Task item — With every picture left out, restate the listing below exactly as written.

Dataset section —
--- START ---

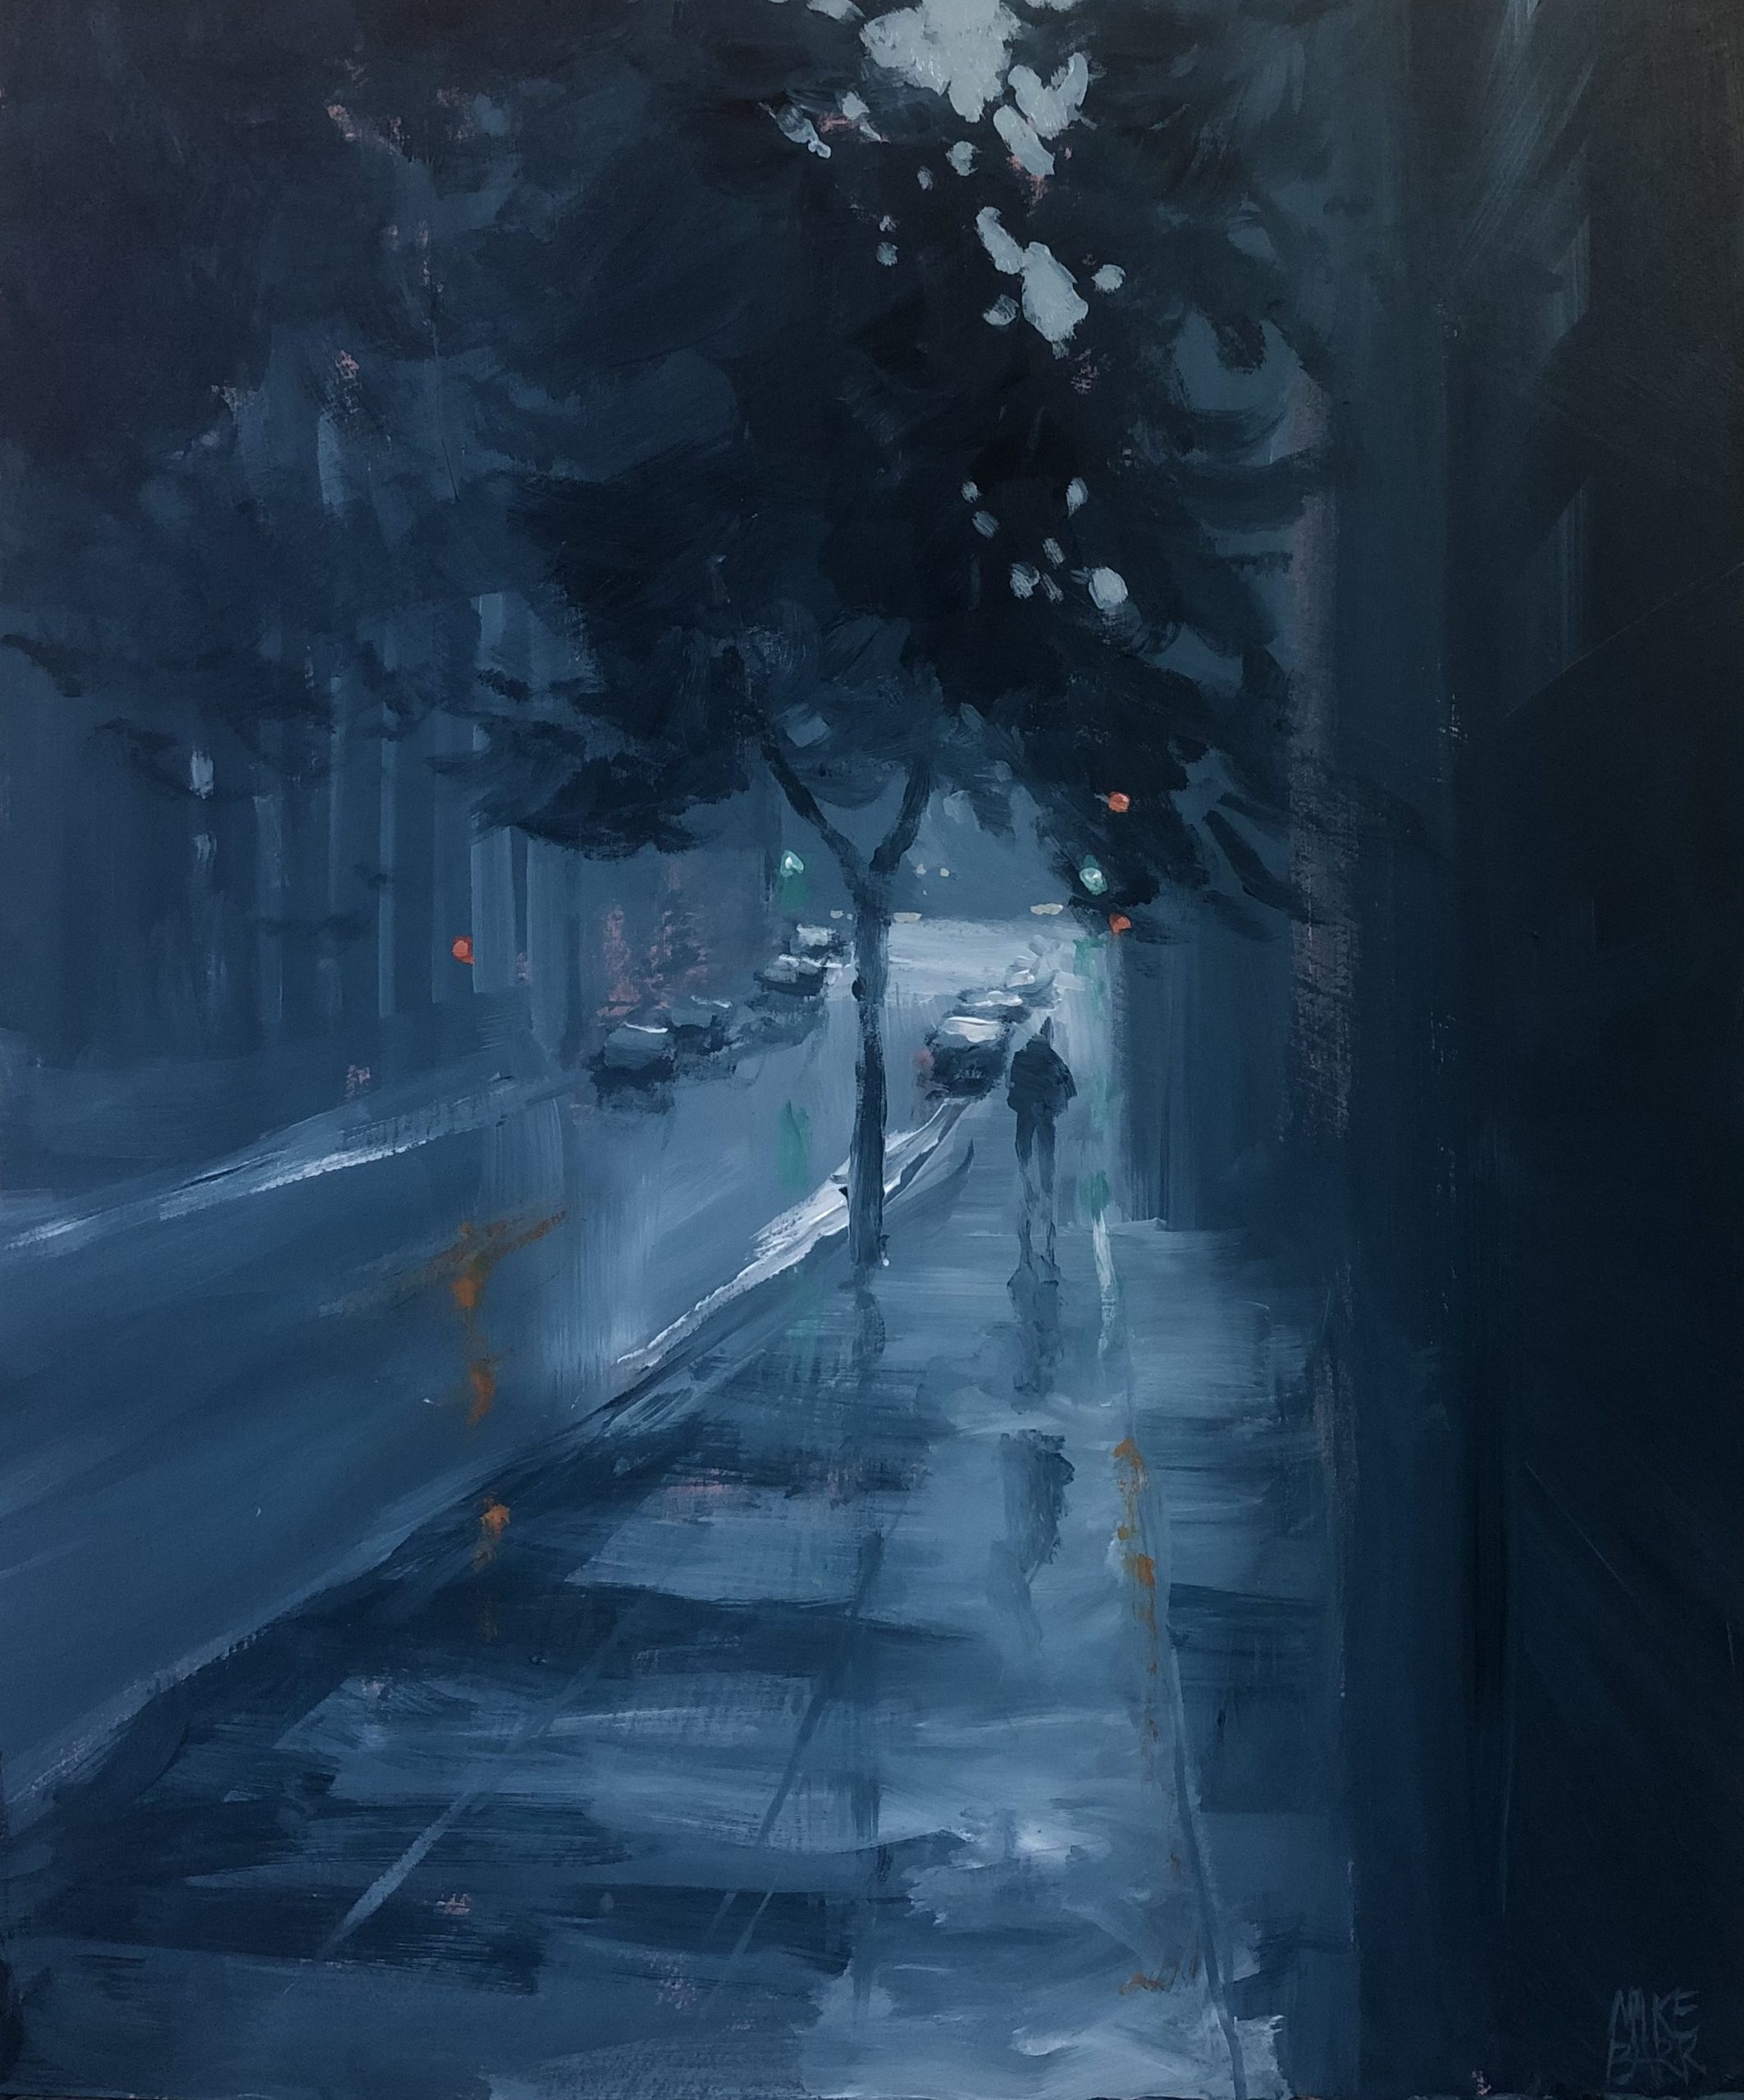 Flinders Lane in Rain by Mike Barr
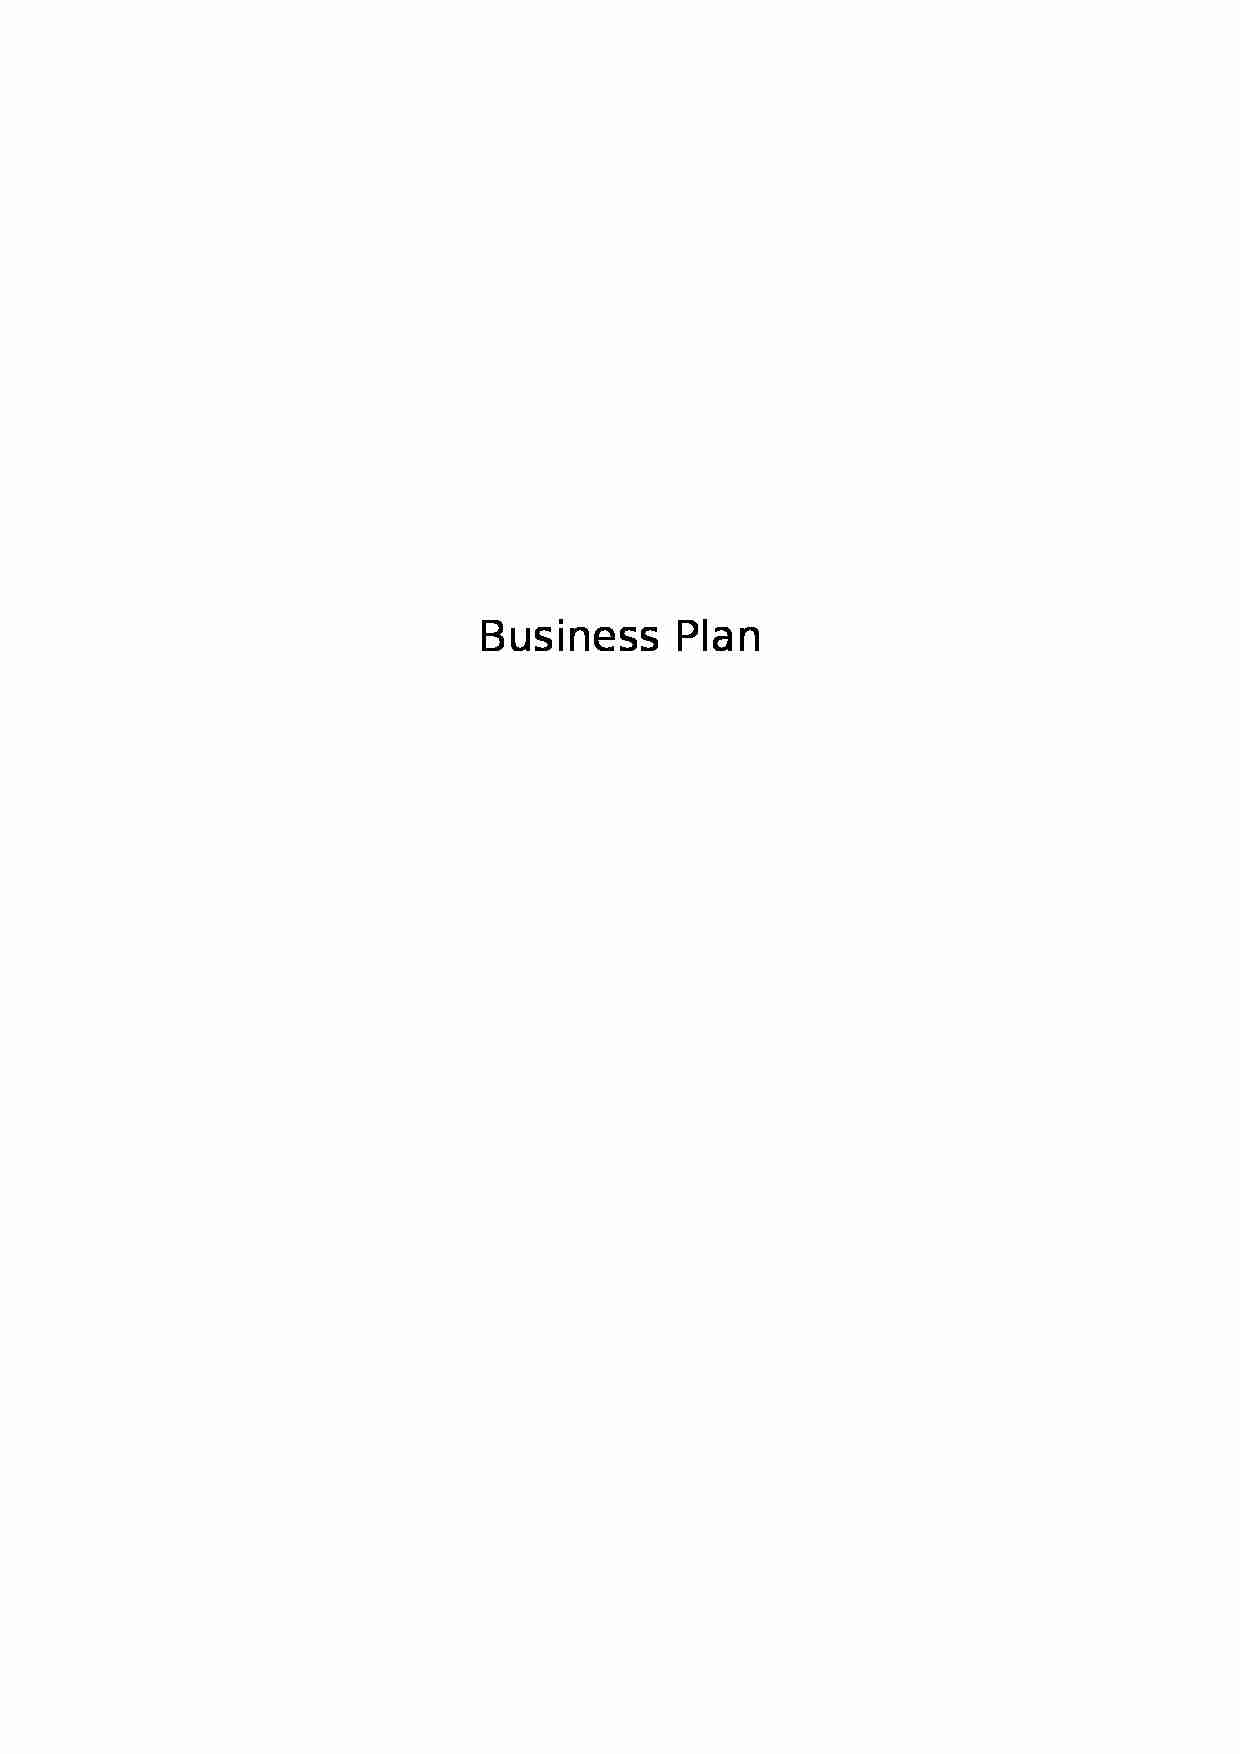 Biznes plan - sklep - prezentacja przedsiębiorstwa - strona 1
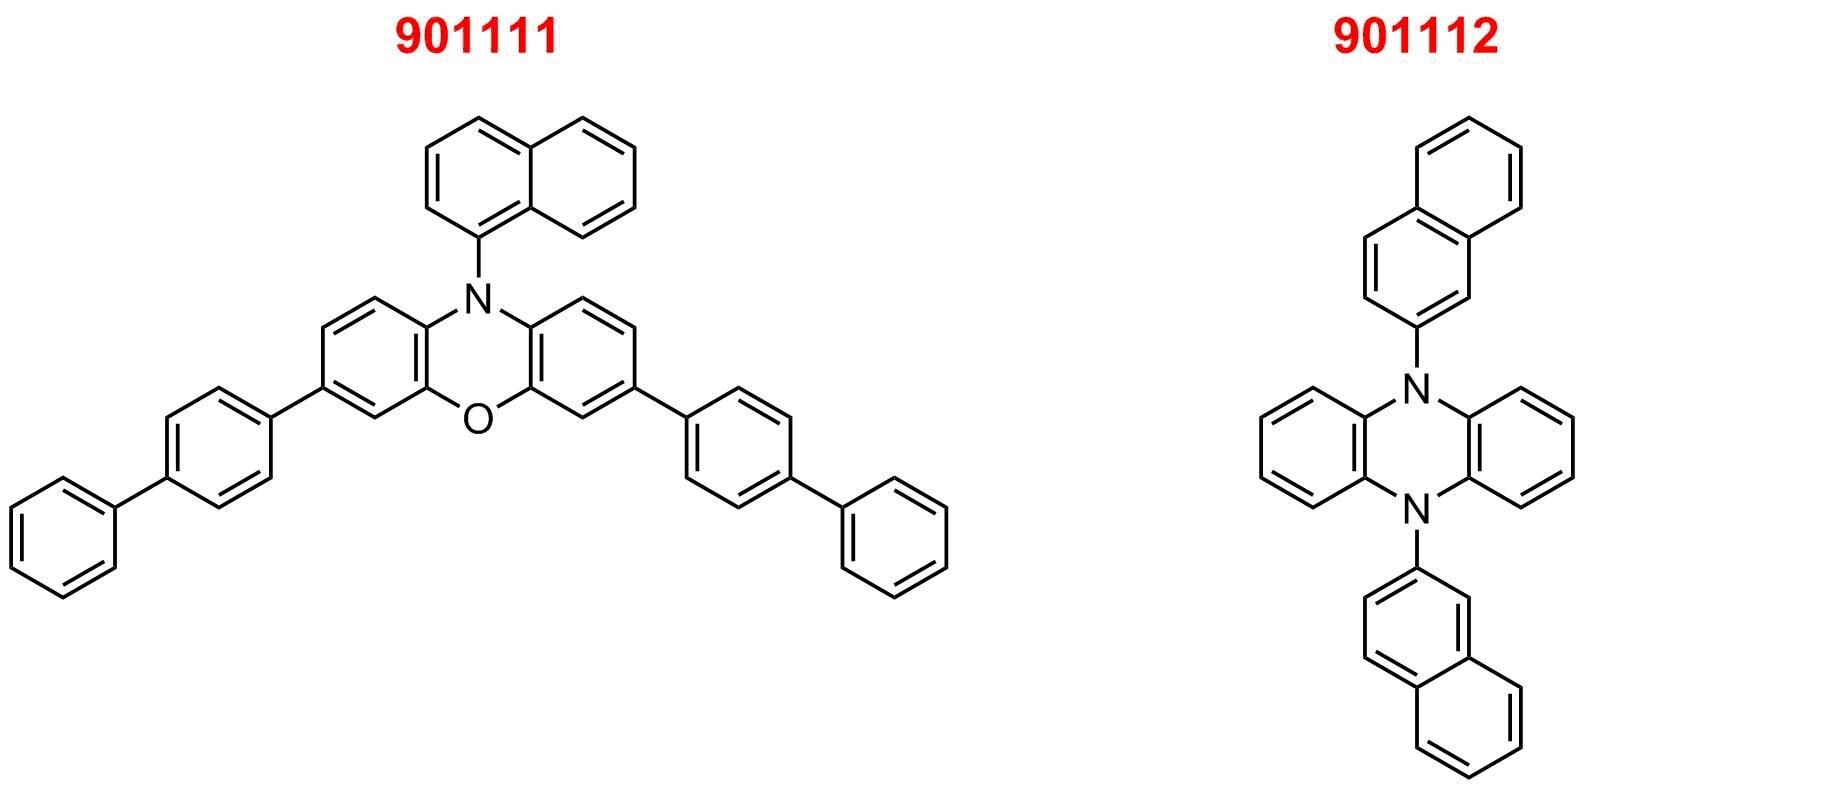 Phenoxazine (901111) and dihydrophenazine (901112) organic photoredox catalysts

--- END ---

Solved exercise —
 Flinders Lane in Rain by Mike Barr
 Biznes plan - sklep - prezentacja przedsiębiorstwa - strona 1
 Phenoxazine (901111) and dihydrophenazine (901112) organic photoredox catalysts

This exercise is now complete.